Ao compararmos as respostas às solicitações dos últimos dois excertos, 24 e 25, percebemos que ambas constituem respostas que não atendem ao pedido de confirmação realizado no turno anterior. Contudo, elas se diferenciam significativamente quanto aos formatos e ações. A resposta oferecida no Excerto 24 é produzida em formato preferido – em fala sobreposta ao final do turno anterior e com ênfase no advérbio de negação (“[nã:o] sei.,”) – apesar de não responder ao pedido de confirmação e de não oferecer accounts para isso imediatamente, o que é feito somente nos turnos subsequentes. Já a resposta oferecida no Excerto 25 vem atrasada (depois de quase um segundo de pausa, l. 3), o que demonstra sua orientação para a despreferência em deixar de atender à ação do turno anterior, mas constitui uma garantia de que o pedido será atendido o mais breve possível (“já vou te explicá”, l. 4).

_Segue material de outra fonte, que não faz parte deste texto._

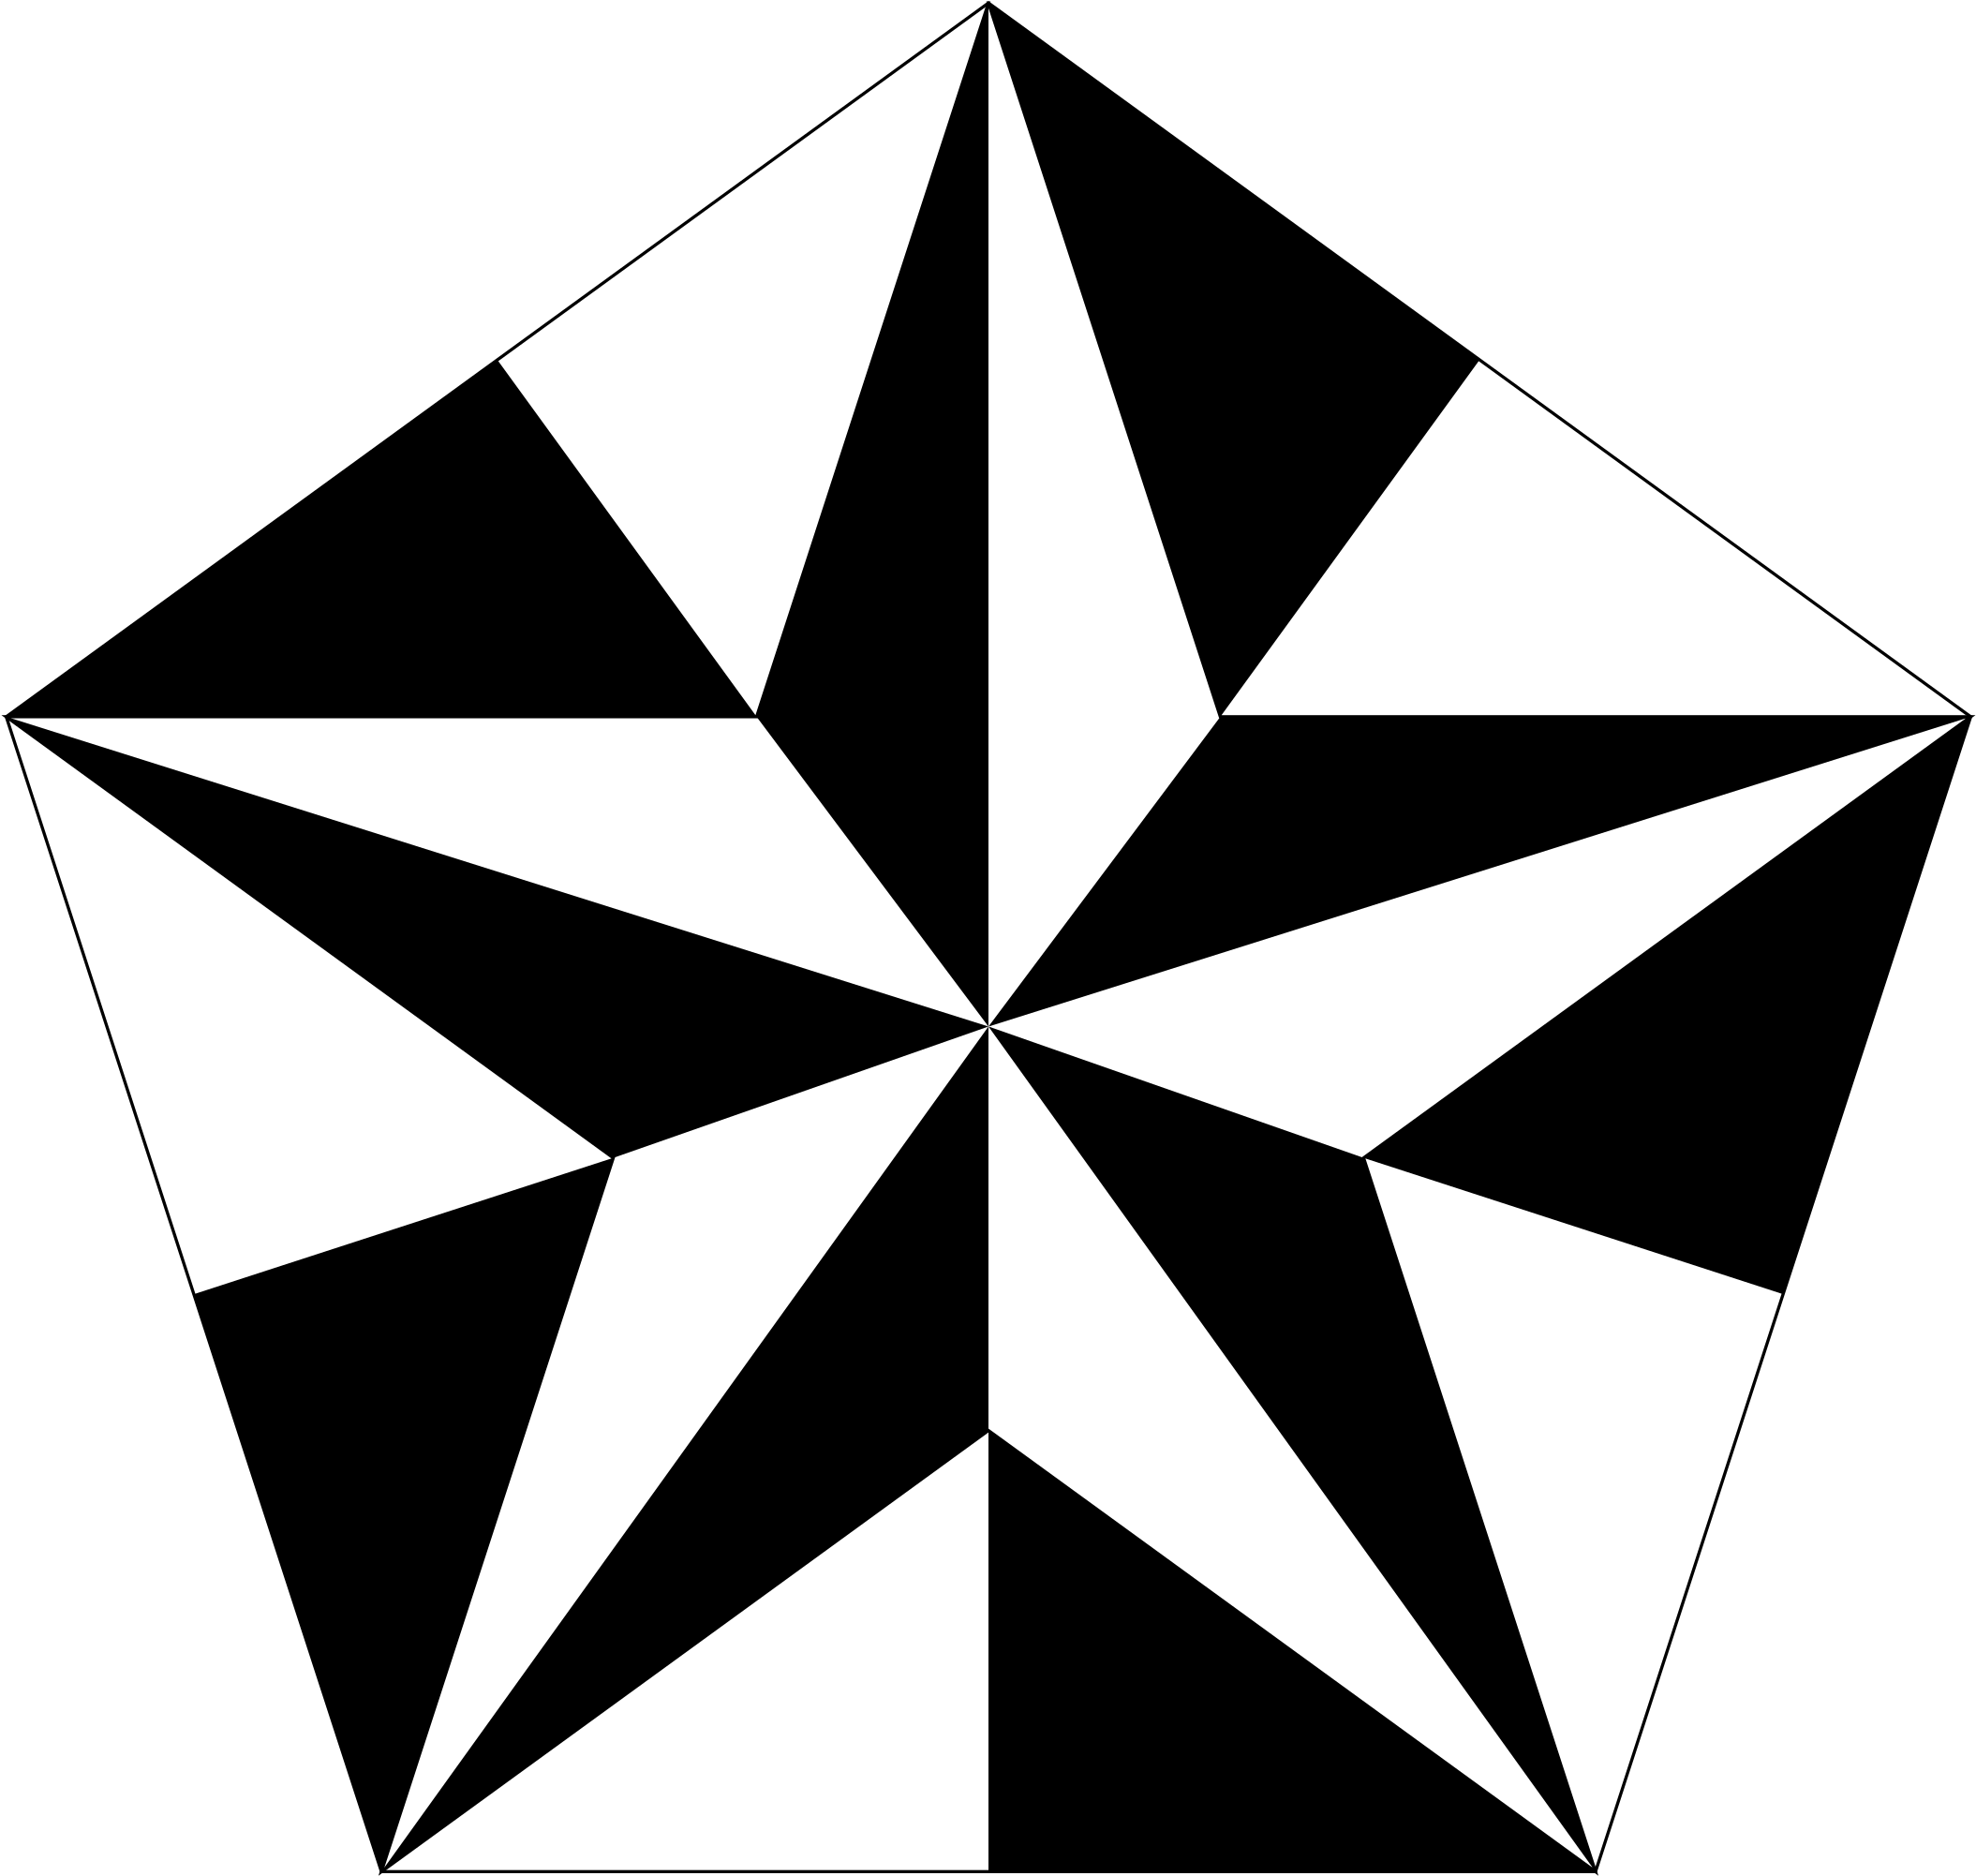 Pentagon - Clipart - رسم هندسي ابيض واسود (2400x2400)

De fato, em ambas as situações, a profissional se orienta a contingências que a impedem de confirmar o pedido prontamente. No entanto, a primeira resposta desqualifica a solicitação da gestante como uma pergunta merecedora de resposta, tanto que nenhuma das participantes volta a tratar desse assunto no restante daquela interação. Por outro lado, a segunda resposta apenas posterga a confirmação da informação solicitada e até apresenta informações além do que fora solicitado. Nesse sentido, esses dois últimos excertos exemplificam o que Clayman (2002) chama de solidariedade interacional, ou o que Heritage chama de solidariedade social: enquanto a primeira resposta ameaça a solidariedade interacional ao oferecer uma resposta que não atende a solicitação anterior, a segunda resposta, a partir de uma postergação que garante o acesso à informação solicitada nos turnos
subsequentes, constitui um tipo de resposta que está de acordo com a preocupação em preservar relações solidárias entre interagentes.